## GIVEN DATA
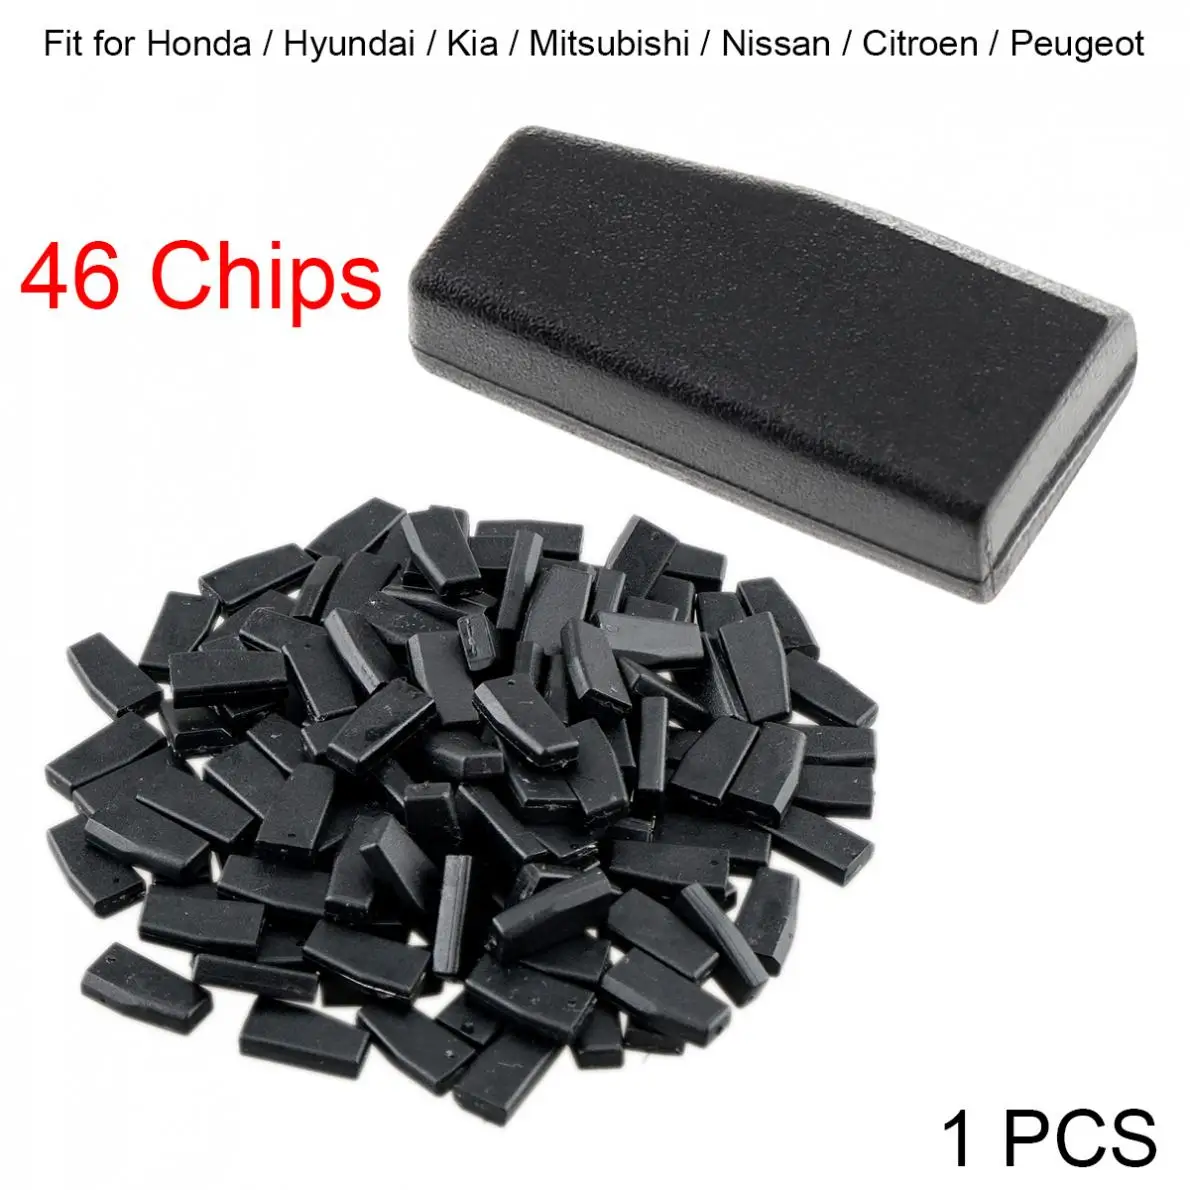 1 Pcs Blank ID46 PCF7936 CarCarbon Chip Auto Key Transponder Chips Fit for Honda Hyundai Kia Nissan Citroen Peugeot
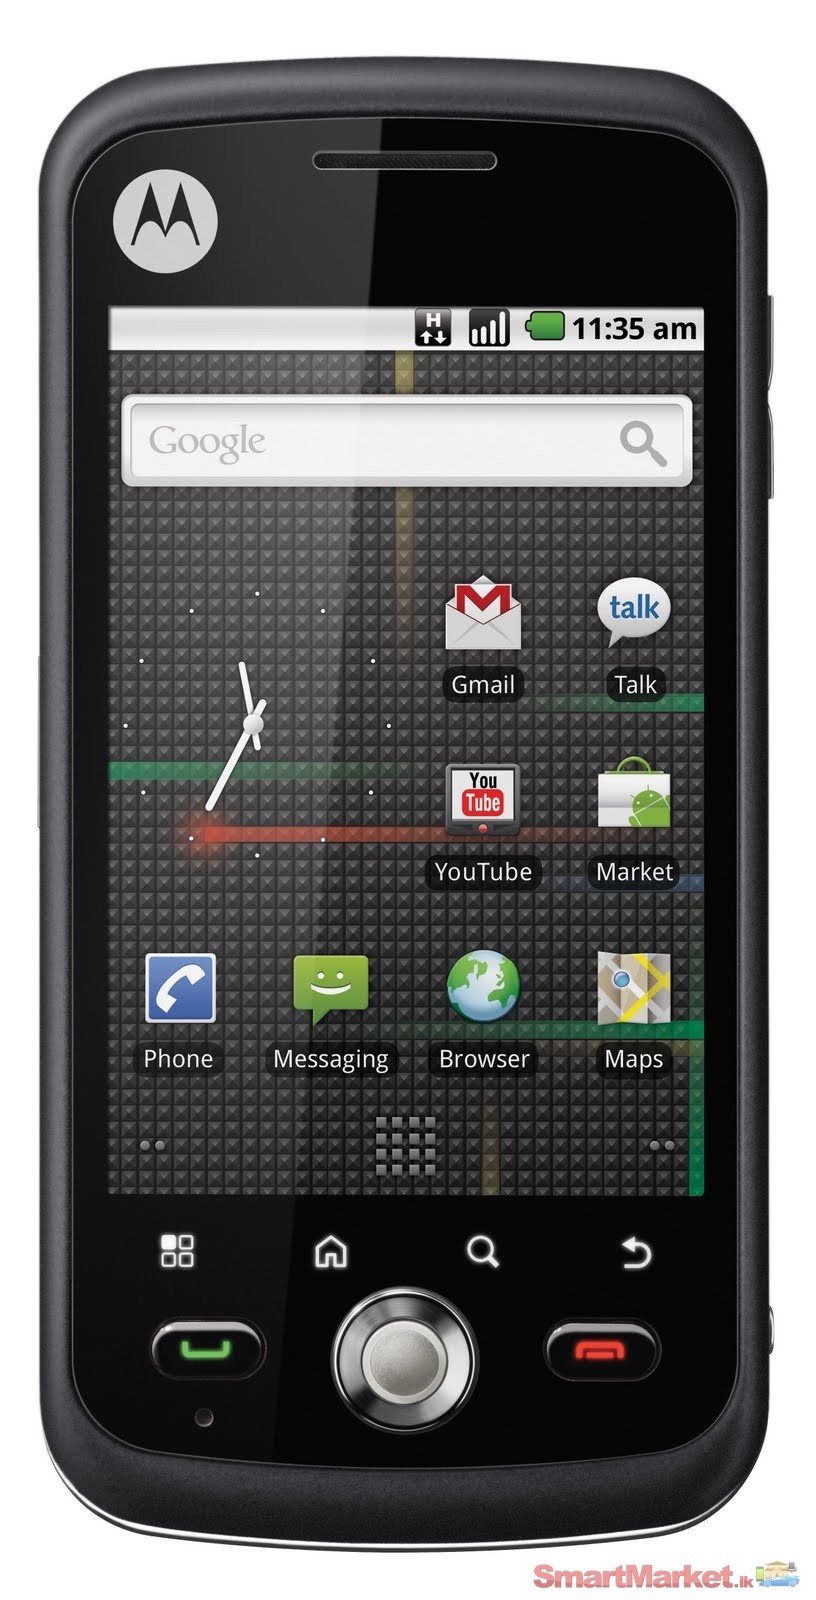 Brand new Motorola XT5 502 Smartphone
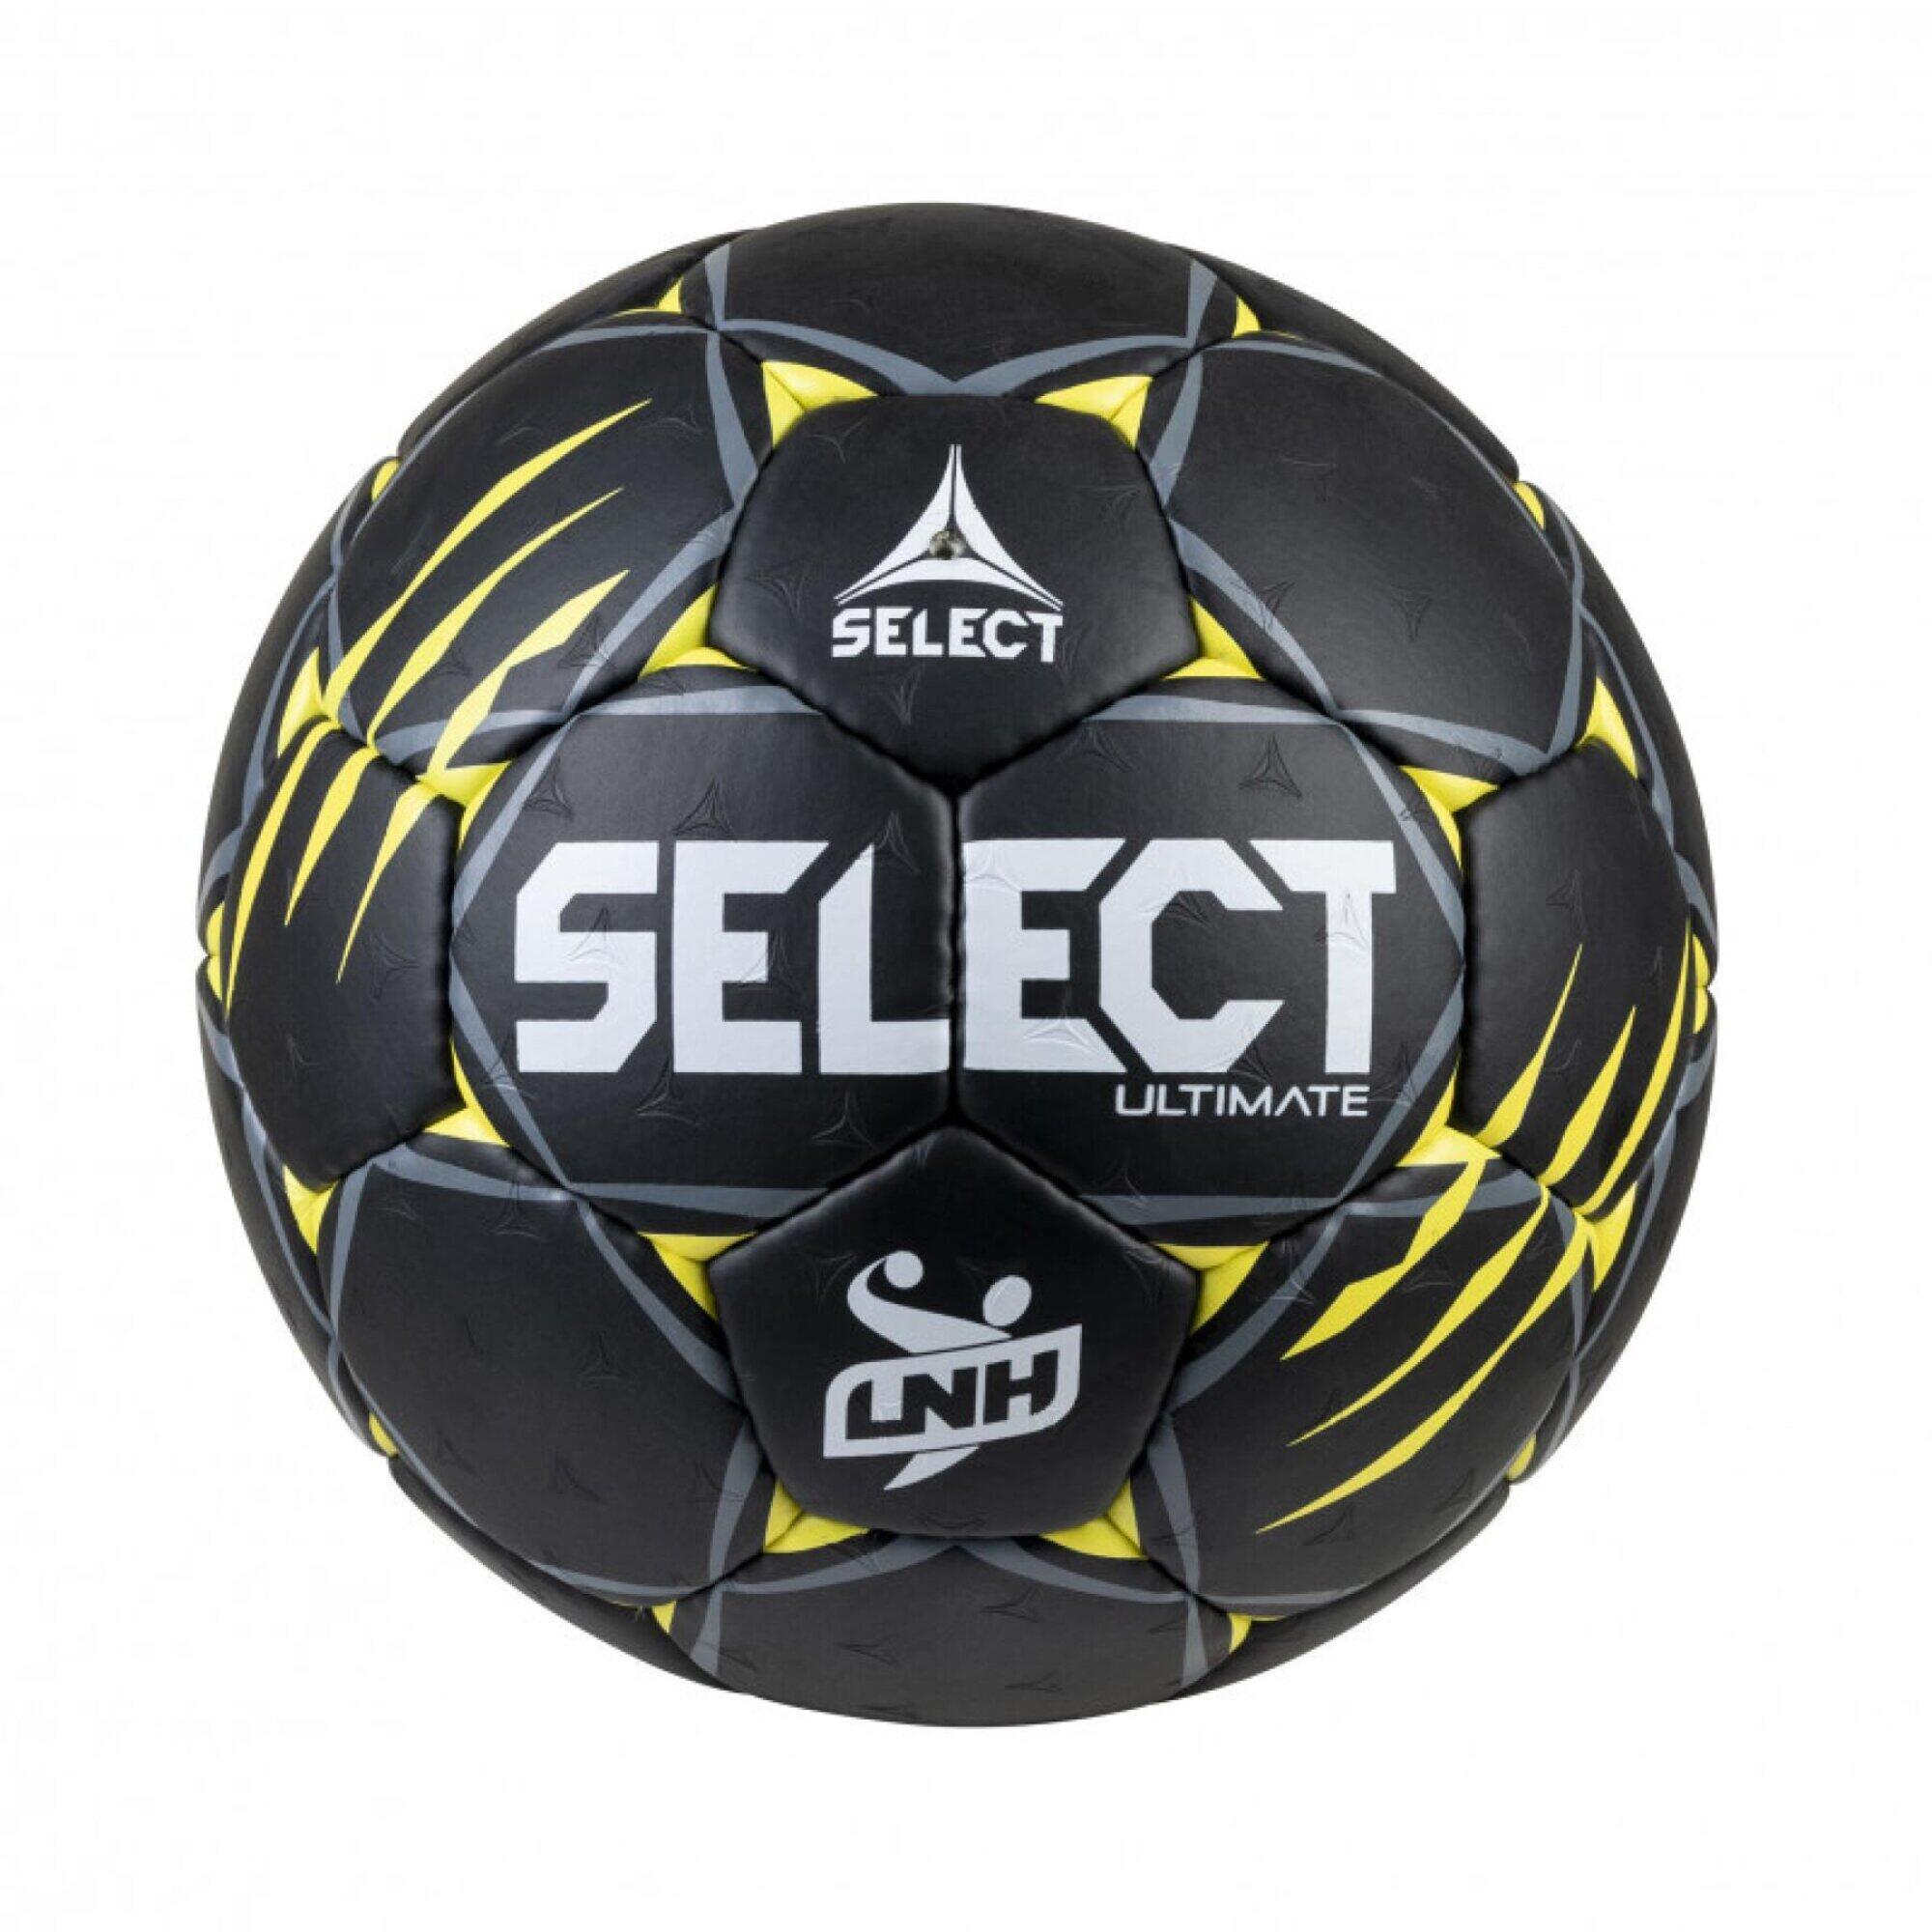 SELECT Ballon De Handball Select Ultimate Lnh Taille 2 -

## WHAT TO DO
Leave out all pictures, then copy the remaining material exactly.

## REPLY
 1 Pcs Blank ID46 PCF7936 CarCarbon Chip Auto Key Transponder Chips Fit for Honda Hyundai Kia Nissan Citroen Peugeot
 Brand new Motorola XT5 502 Smartphone
 SELECT Ballon De Handball Select Ultimate Lnh Taille 2 -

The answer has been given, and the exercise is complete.